Publié le vendredi 28 août 2026 dans la rubrique Paris
« Ils sont prêts à n’importe quoi pour gratter 1 euro » : quai de Jemmapes à Paris, tension maximale autour du camp de migrants
Le quai de Jemmapes, situé dans le Xe arrondissement de Paris, est devenu un point de tension palpable ces dernières semaines. Des scènes dignes d'un film criminel se déroulent sous les yeux des riverains, où des individus semblent rivaliser pour le contrôle d'un marché illicite. Les habitants décrivent une ambiance chaotique, marquée par la présence inquiétante de dealers et de consommateurs.
Un décor troublant
Sur le trottoir, la scène est surréaliste : une casquette de marque Gucci, des poings américains et des canapés abandonnés forment le décor d'un quotidien tumultueux. Deux hommes, identifiés comme des « chefs de gang », régulent les entrées et les sorties du camp de migrants, imposant des « offrandes » pour toute personne cherchant à s'installer dans leur zone. Martin, un riverain, évoque un climat qui rappelle les intrigues de la série "Les Soprano".
Ces « chefs » ne se contentent pas de contrôler l'accès aux tentes ; ils détiennent également un pouvoir de décision qui semble s'étendre à la sécurité du lieu.

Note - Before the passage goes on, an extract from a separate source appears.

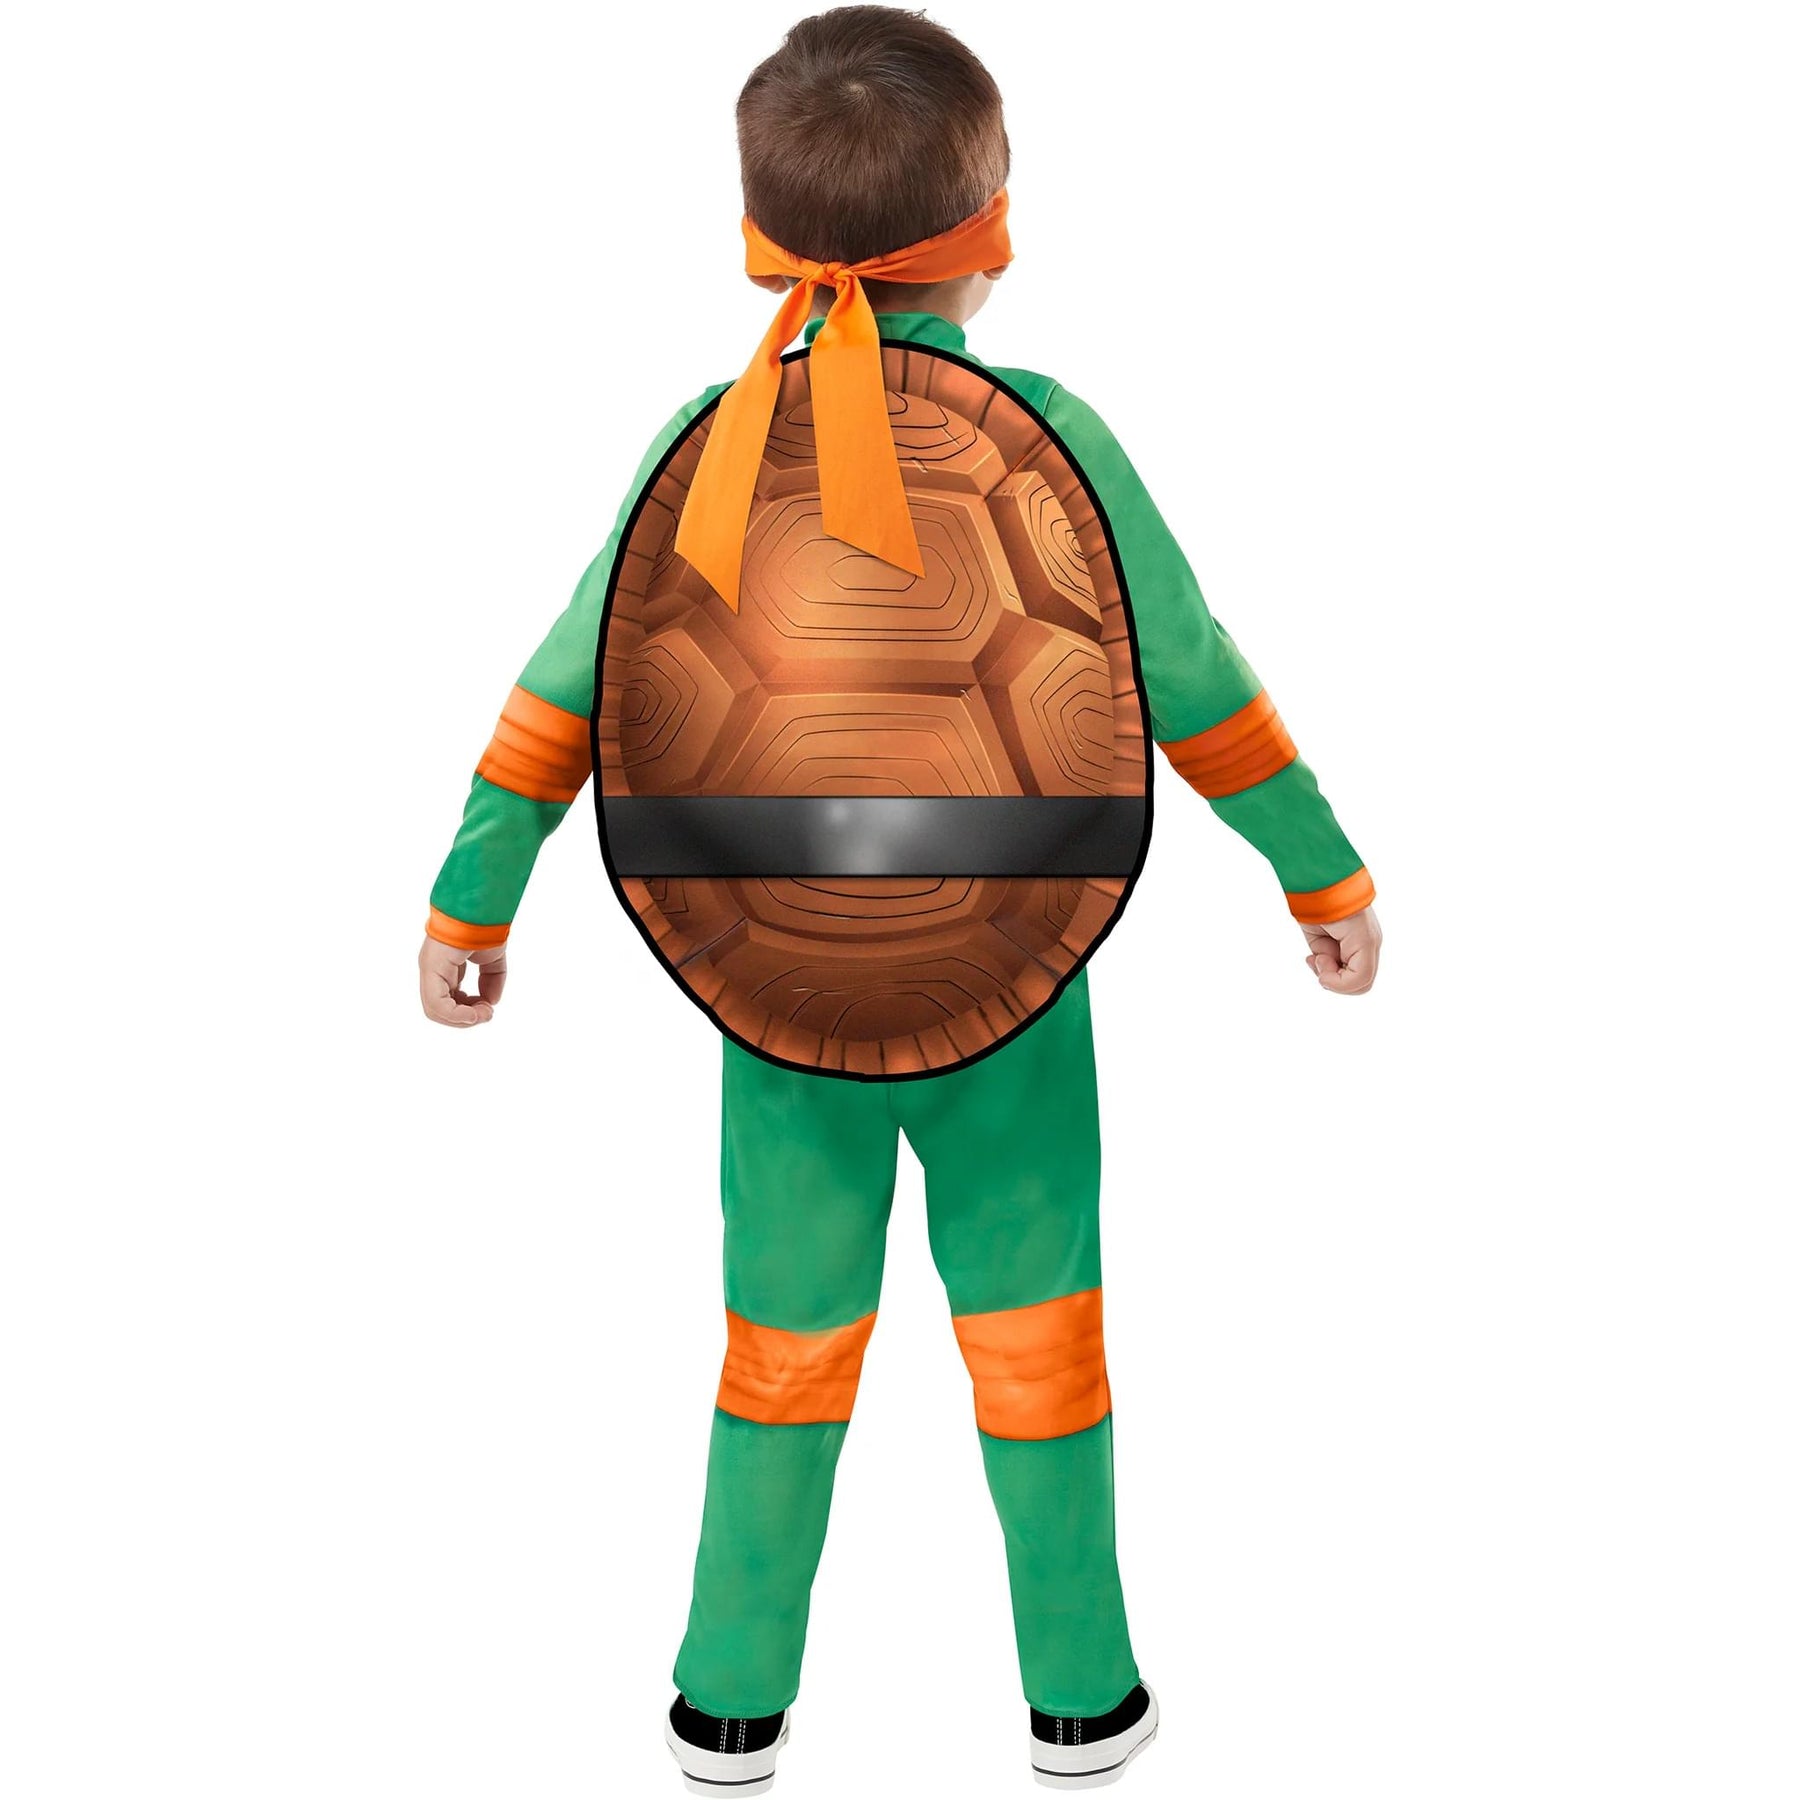 TMNT Michelangelo Movie Toddler Costume

Les témoins rapportent que ces individus imposent leurs règles, créant une atmosphère de peur et de méfiance parmi les passants.

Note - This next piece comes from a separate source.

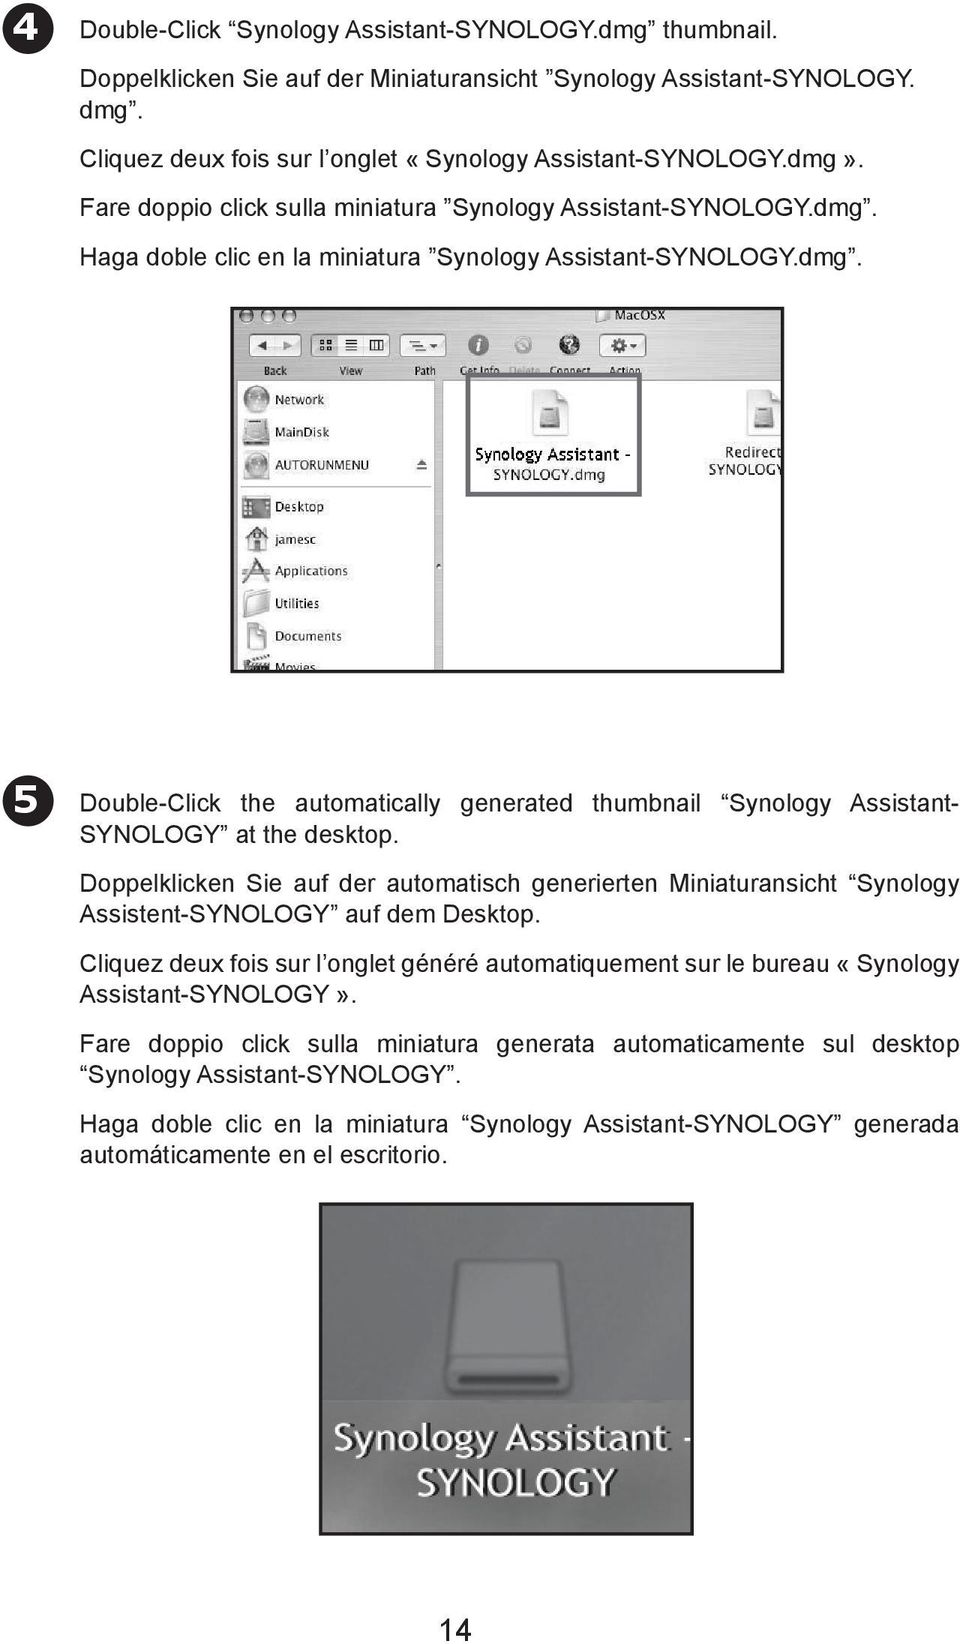 Doppelklicken Sie auf der automatisch generierten Miniaturansicht Synology Assistent-SYNOLOGY auf dem Desktop.

Une vie quotidienne perturbée
Didier, un habitant du 198, vit cette situation de près. Installé au-dessus de ce point de deal depuis quinze ans, il se dit accablé par cette nouvelle réalité. Les dealers et consommateurs, souvent en état de démence, saccagent le mobilier urbain. Ils errent dans les rues, provoquant des inquiétudes chez les passants. Didier a même filmé plusieurs incidents qui montrent des hommes « comme des zombies », perturbant la tranquillité du quartier.

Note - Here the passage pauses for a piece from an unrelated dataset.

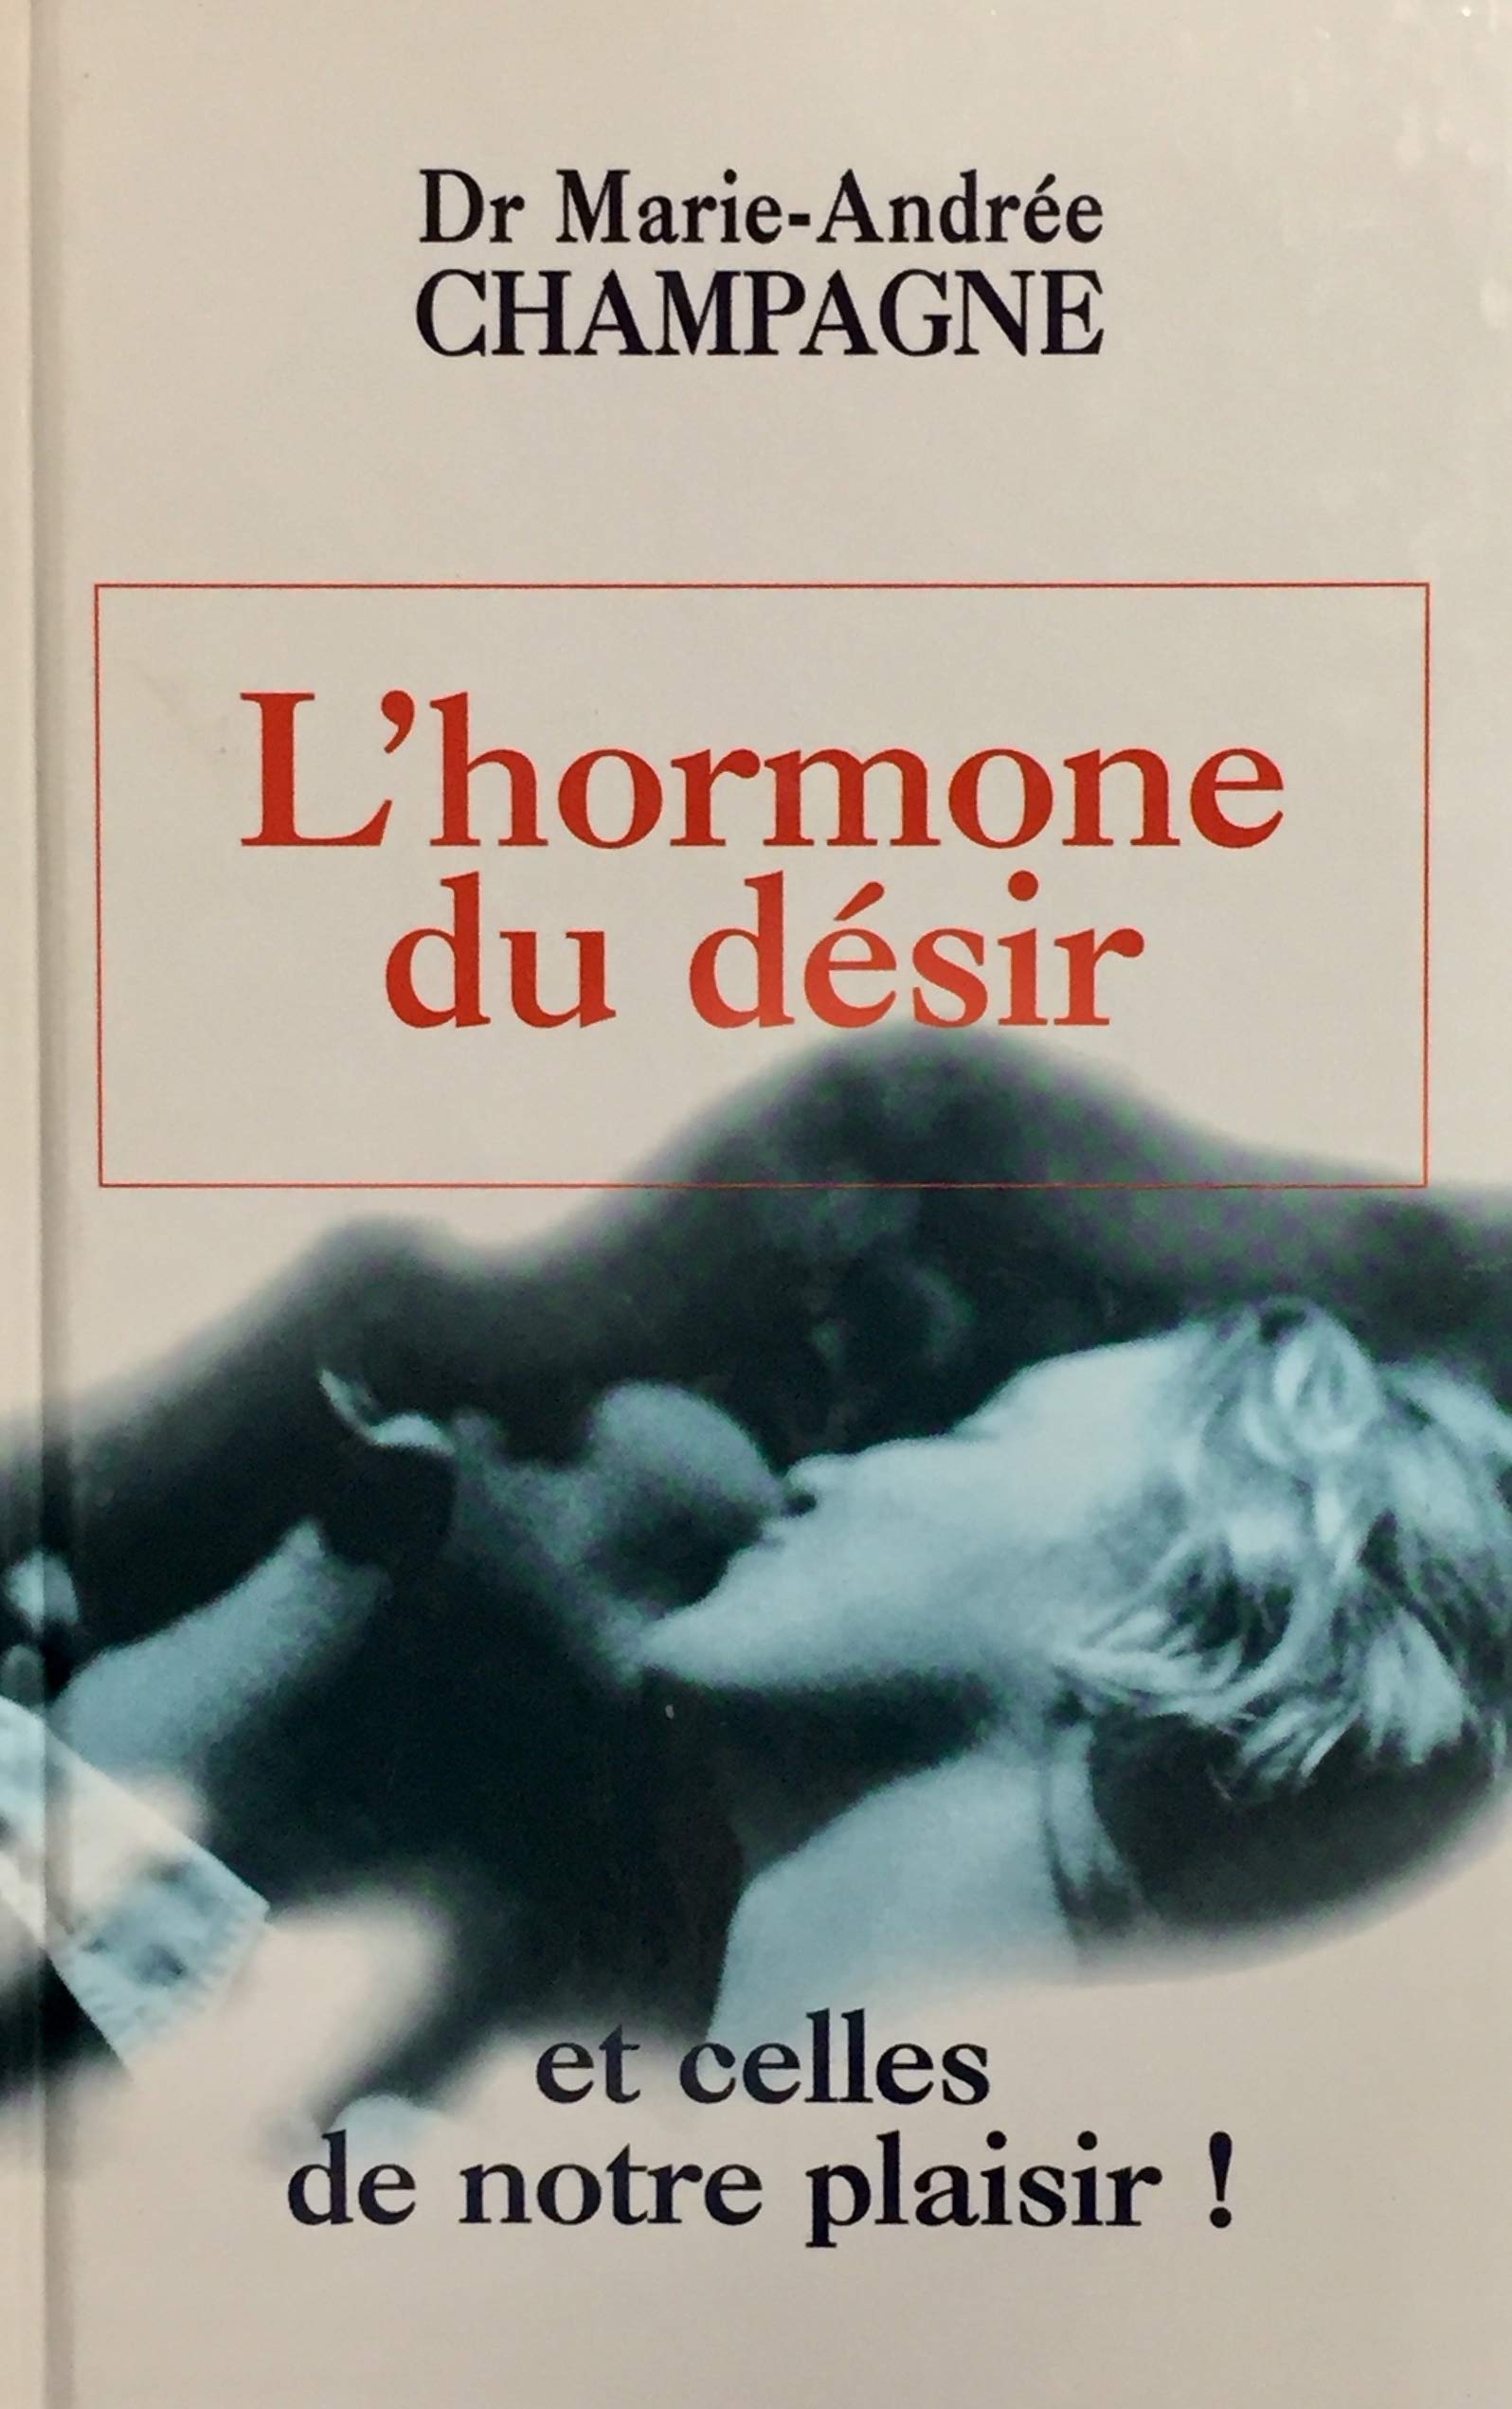 Livre ISBN 2894304242 L'hormone du désir et celles de notre plaisir! (Dr Marie-Andrée Champagne)

« Ils sont prêts à n’importe quoi pour gratter 1 euro », confie-t-il, décrivant un désespoir qui pousse certains à des actes extrêmes. Ce constat souligne l'urgence d'une réponse face à une situation qui dépasse le simple cadre d'un point de deal : il s'agit d'une crise humaine qui affecte toute une communauté.
Un appel à l'action
Les riverains expriment un sentiment d'abandon face à cette situation. Ils se sentent souvent impuissants, témoins d'une dégradation qui semble s'aggraver. Les autorités locales sont interpellées, tandis que la tension monte entre les habitants et ceux qui semblent tirer profit du désespoir des plus vulnérables. La question qui se pose alors est celle de la sécurité et du bien-être de tous, dans un quartier qui, hier encore, était synonyme de convivialité et de vie paisible.